*** Opening Data for this exercise ***

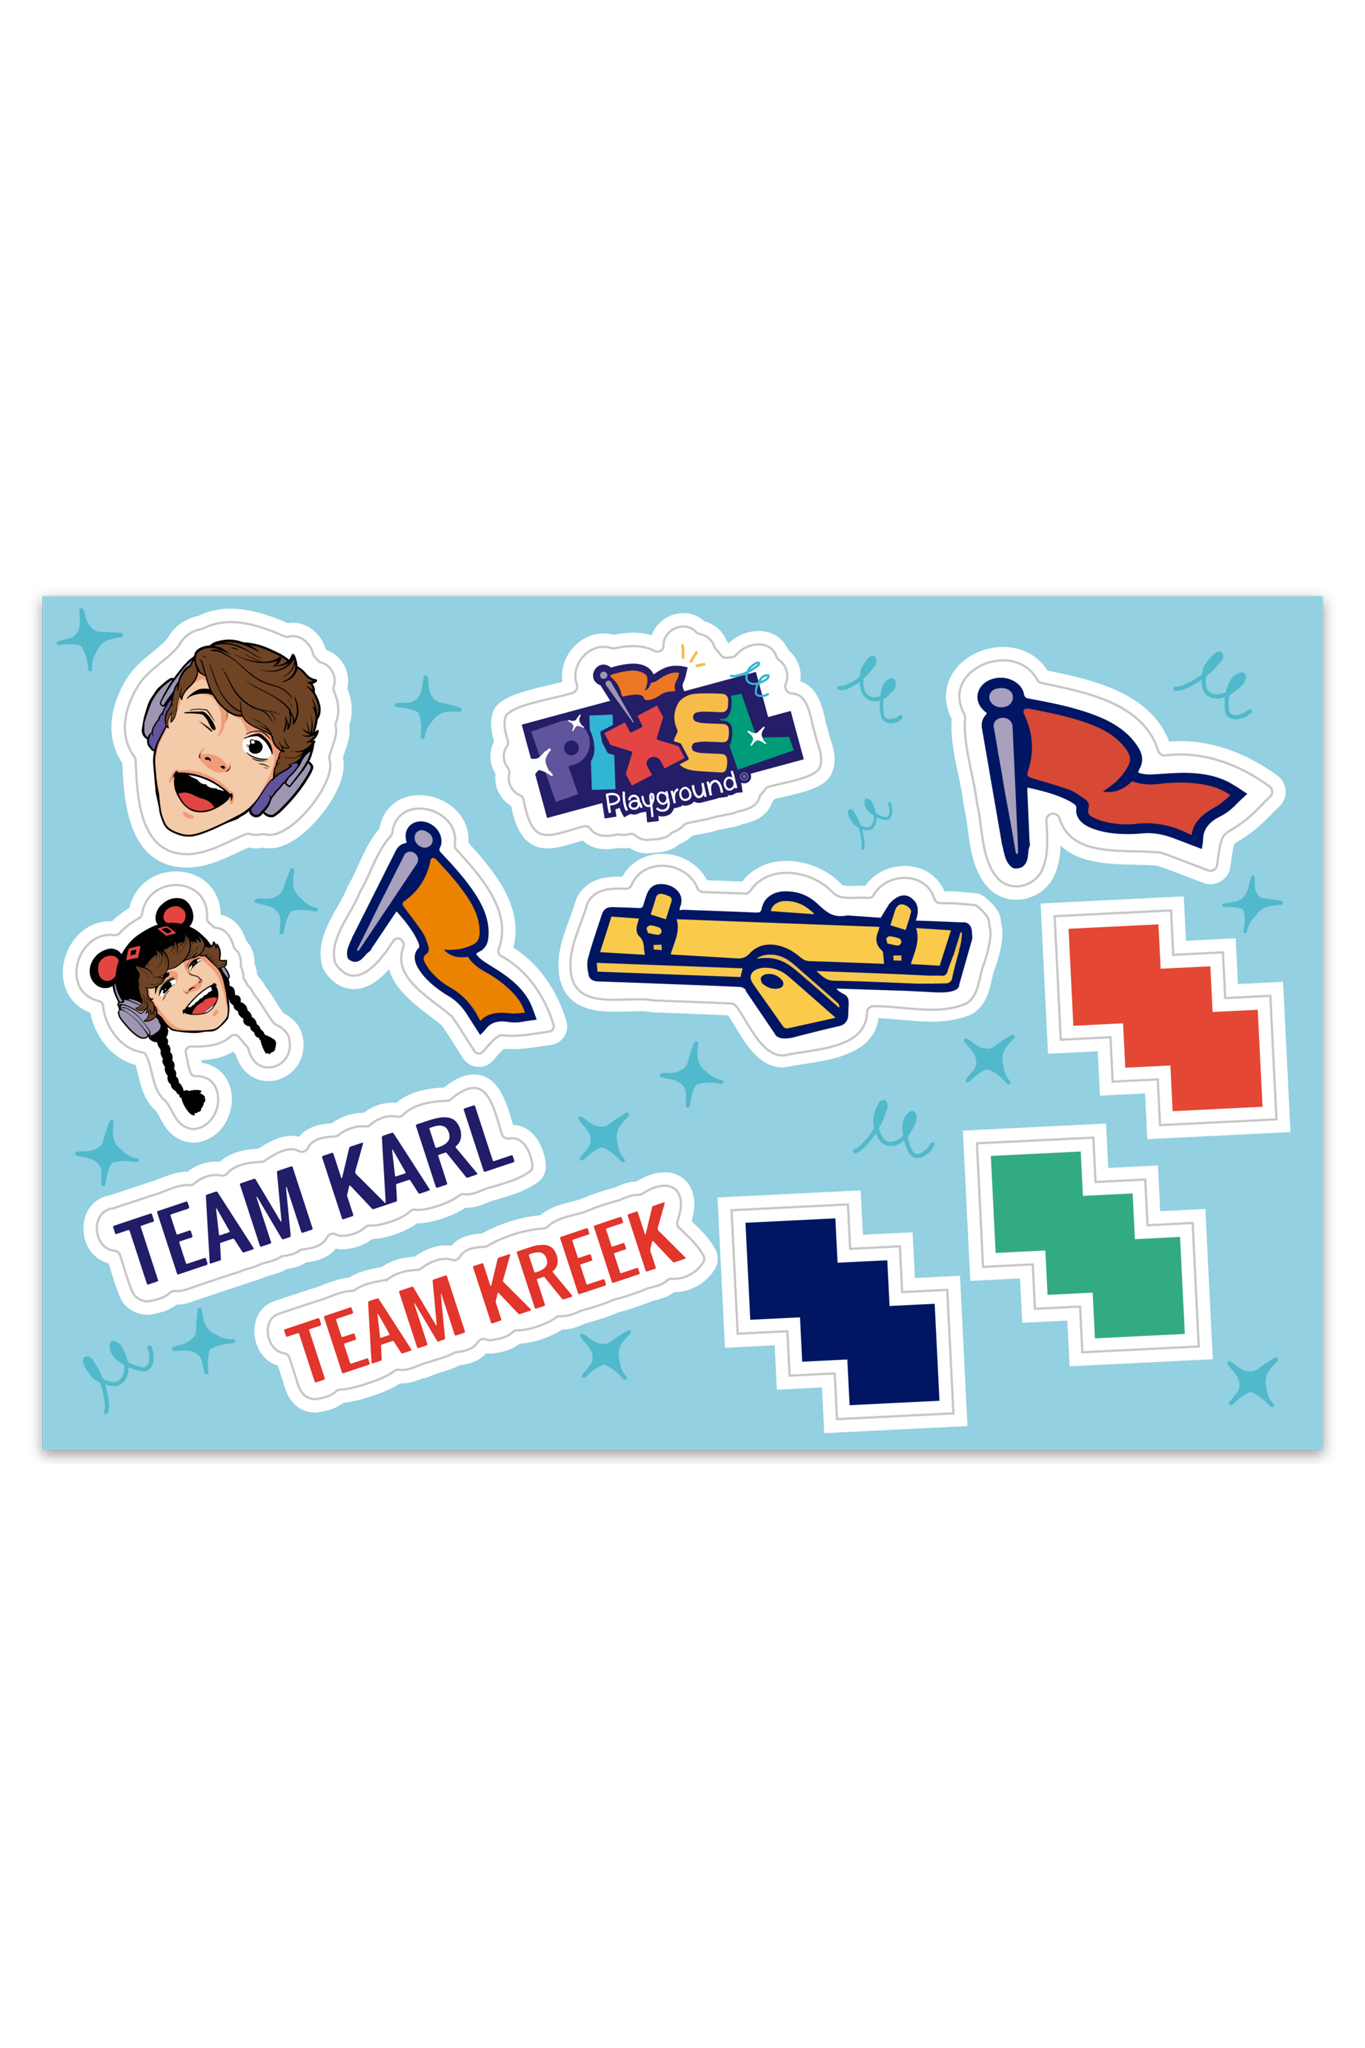 Sticker sheet related to "PIXEL Playground" featuring cartoon-style sticker designs. It includes illustrated faces of Karl and Kreek, with "TEAM KARL" and "TEAM KREEK" stickers, as well as PIXEL Playground logo, pixelated shapes, and gaming icons like a joystick and flags, all set against a light blue background with subtle decorative elements.
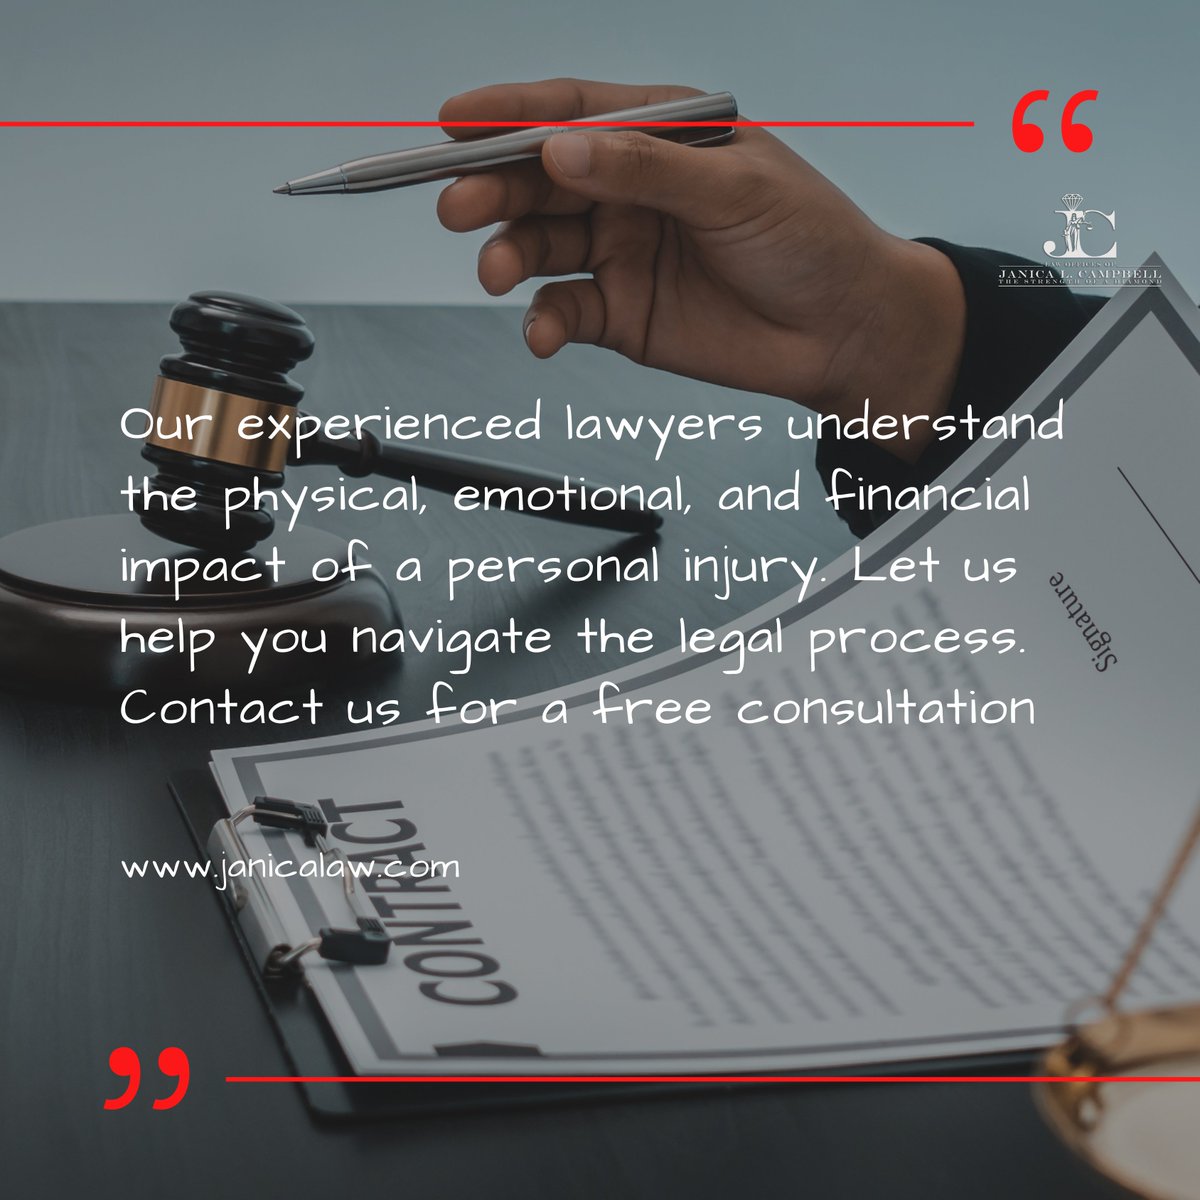 🔒💼 Our experienced lawyers understand the physical, emotional, and financial impact of a personal injury. Let us help you navigate the legal process.
.
👉 𝐕𝐢𝐬𝐢𝐭 𝐍𝐨𝐰, 𝐋𝐢𝐧𝐤 𝐈𝐧 𝐁𝐢𝐨.
👉 𝑭𝒐𝒓 𝑴𝒐𝒓𝒆, 𝑭𝒐𝒍𝒍𝒐𝒘 @janica_law
.
#PersonalInjuryLawyers #LegalAdvice
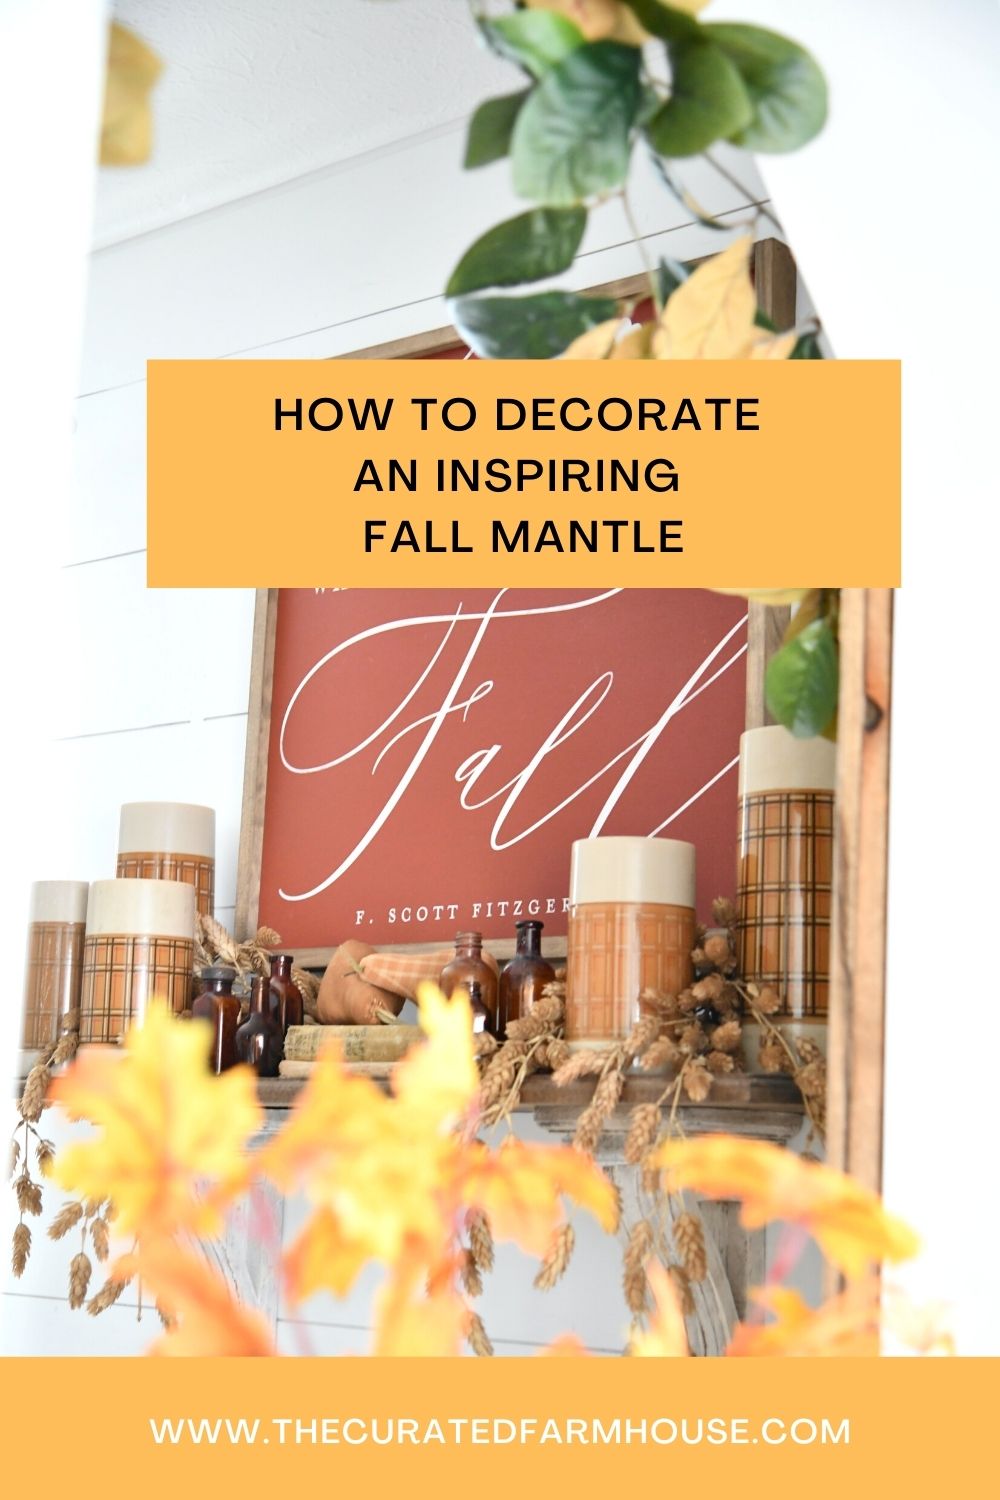 How To Decorate an Inspiring Fall Mantle
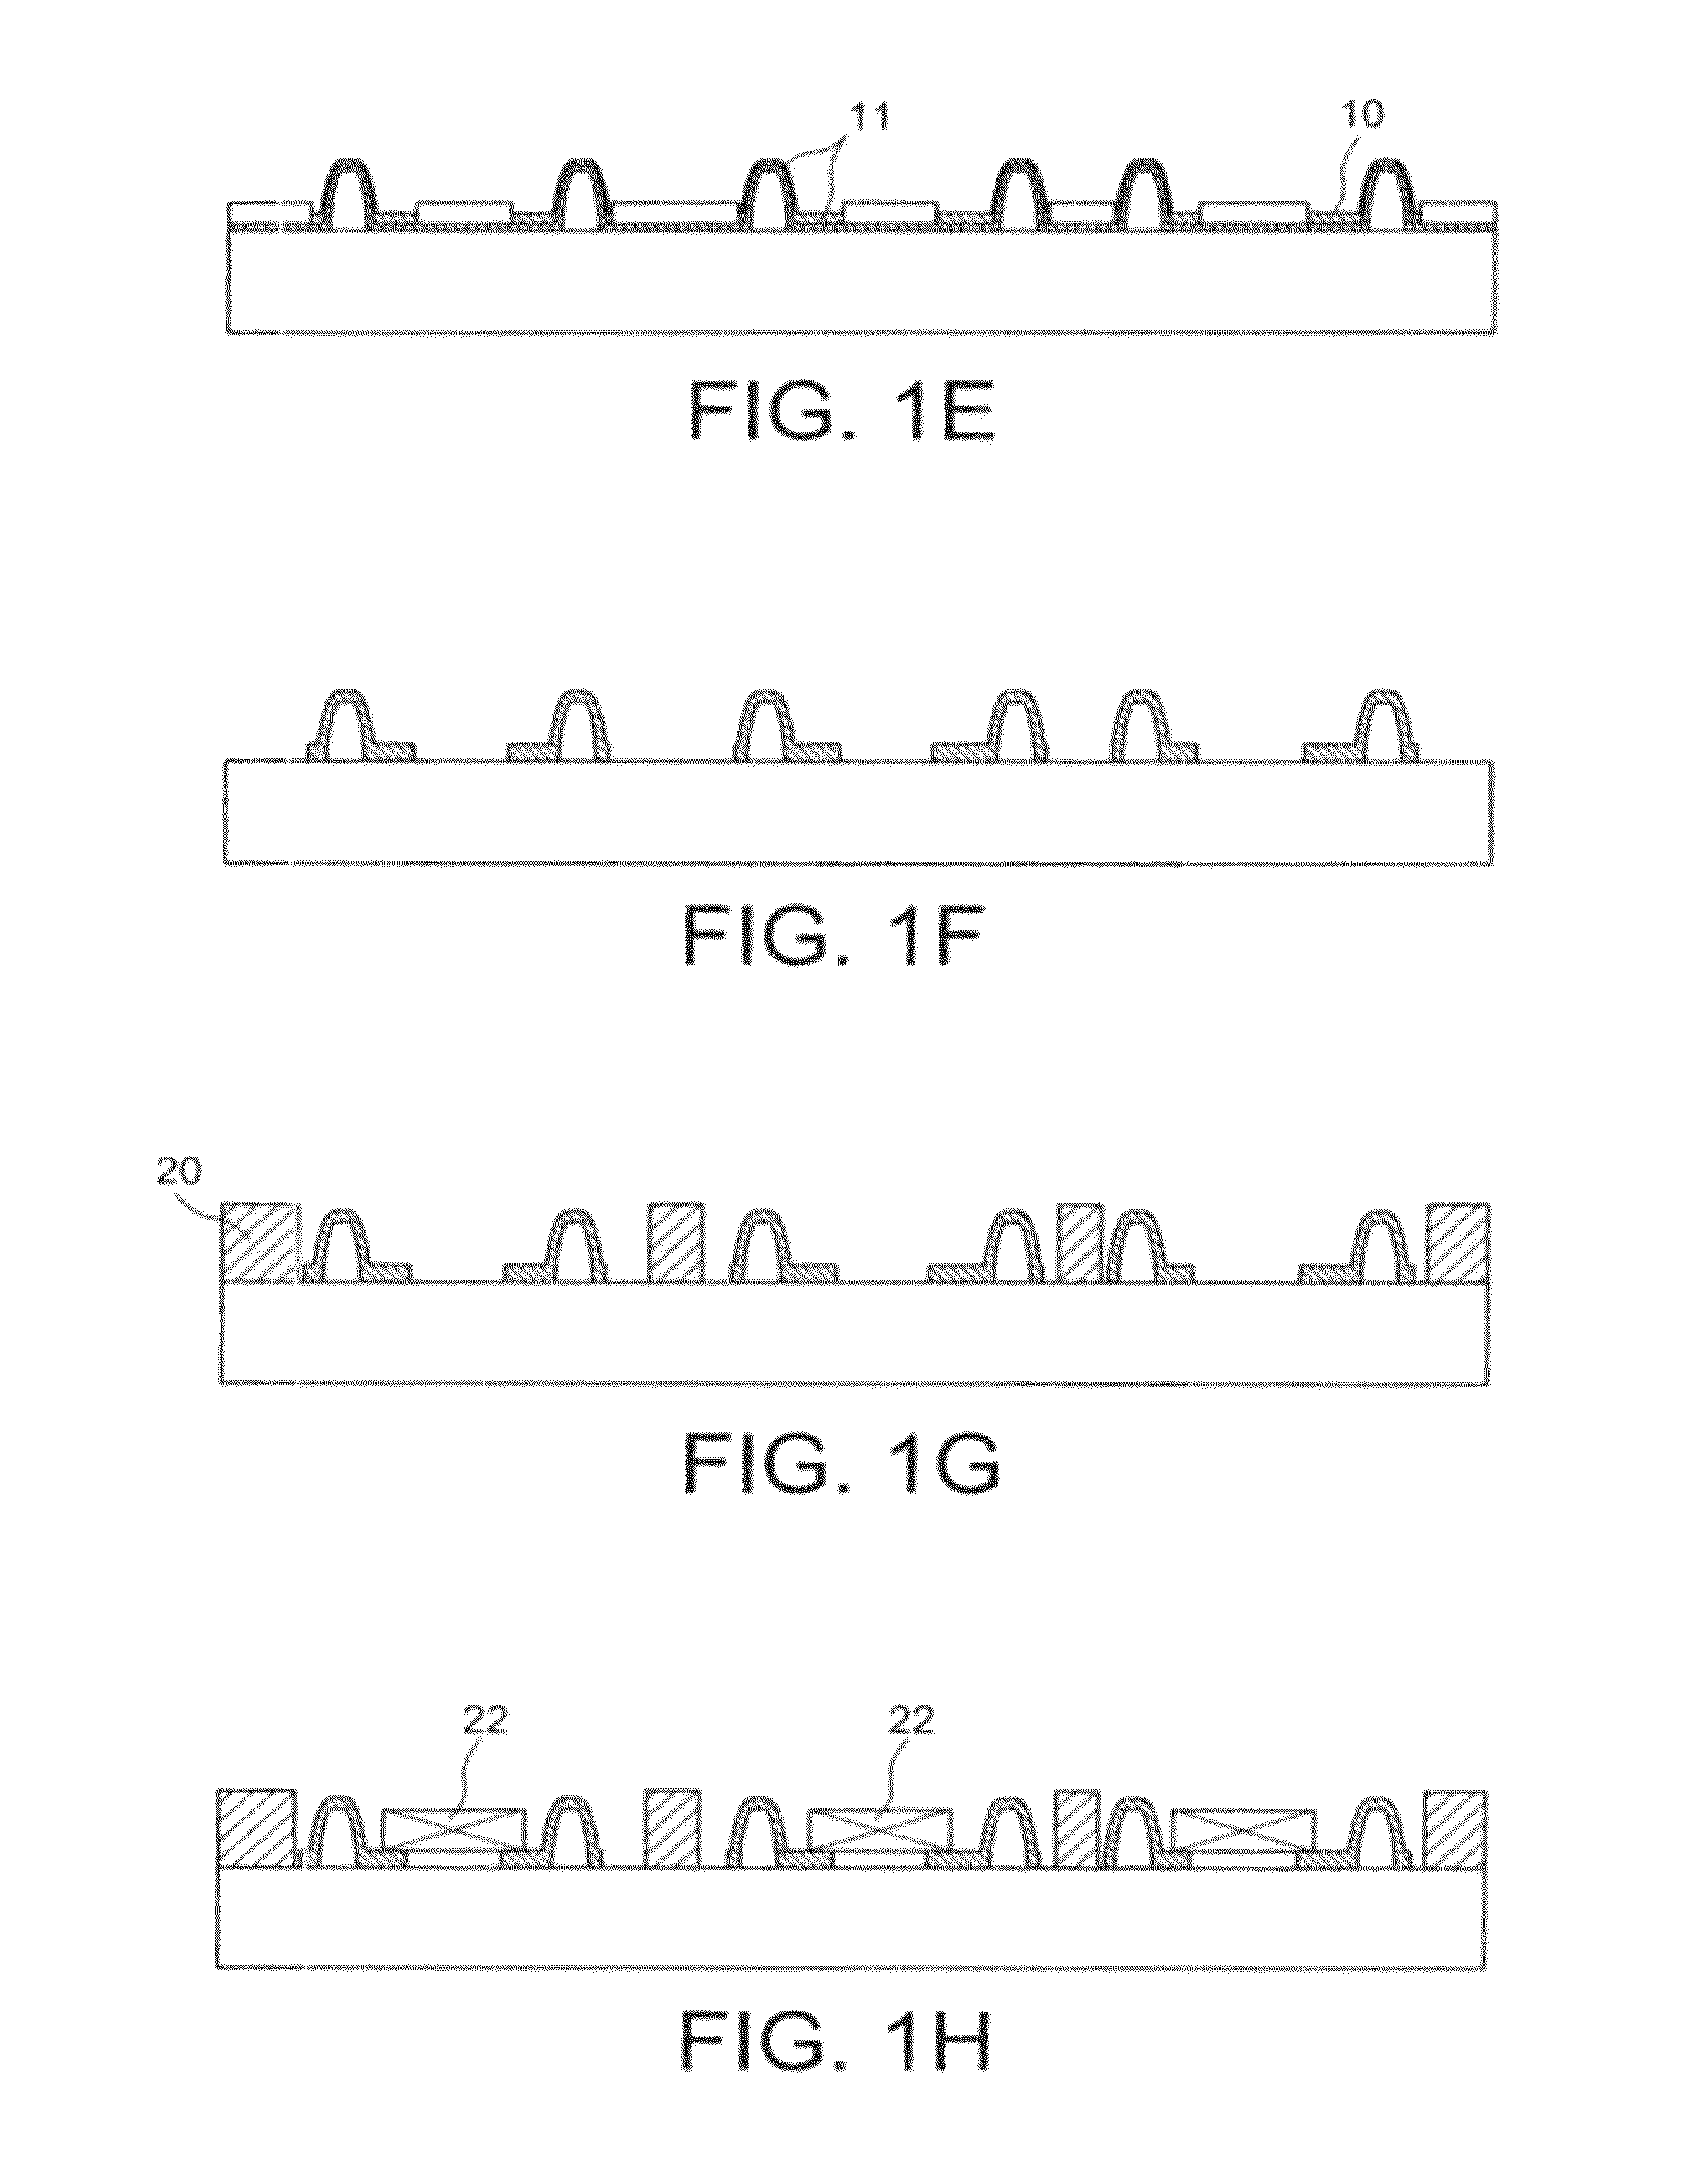 Method of producing a via in a reconstituted substrate

*** Closing Data for this exercise ***

* Problem requirements: All lines from the one containing "𝑴𝒐𝒓𝒆, 𝑭𝒐𝒍𝒍𝒐𝒘 @janica_law" to the last line of the records above, both included, need to be repeated word for word; omit the pictures.

* Result of this task:
👉 𝑭𝒐𝒓 𝑴𝒐𝒓𝒆, 𝑭𝒐𝒍𝒍𝒐𝒘 @janica_law
.
#PersonalInjuryLawyers #LegalAdvice
 How To Decorate an Inspiring Fall Mantle
 Method of producing a via in a reconstituted substrate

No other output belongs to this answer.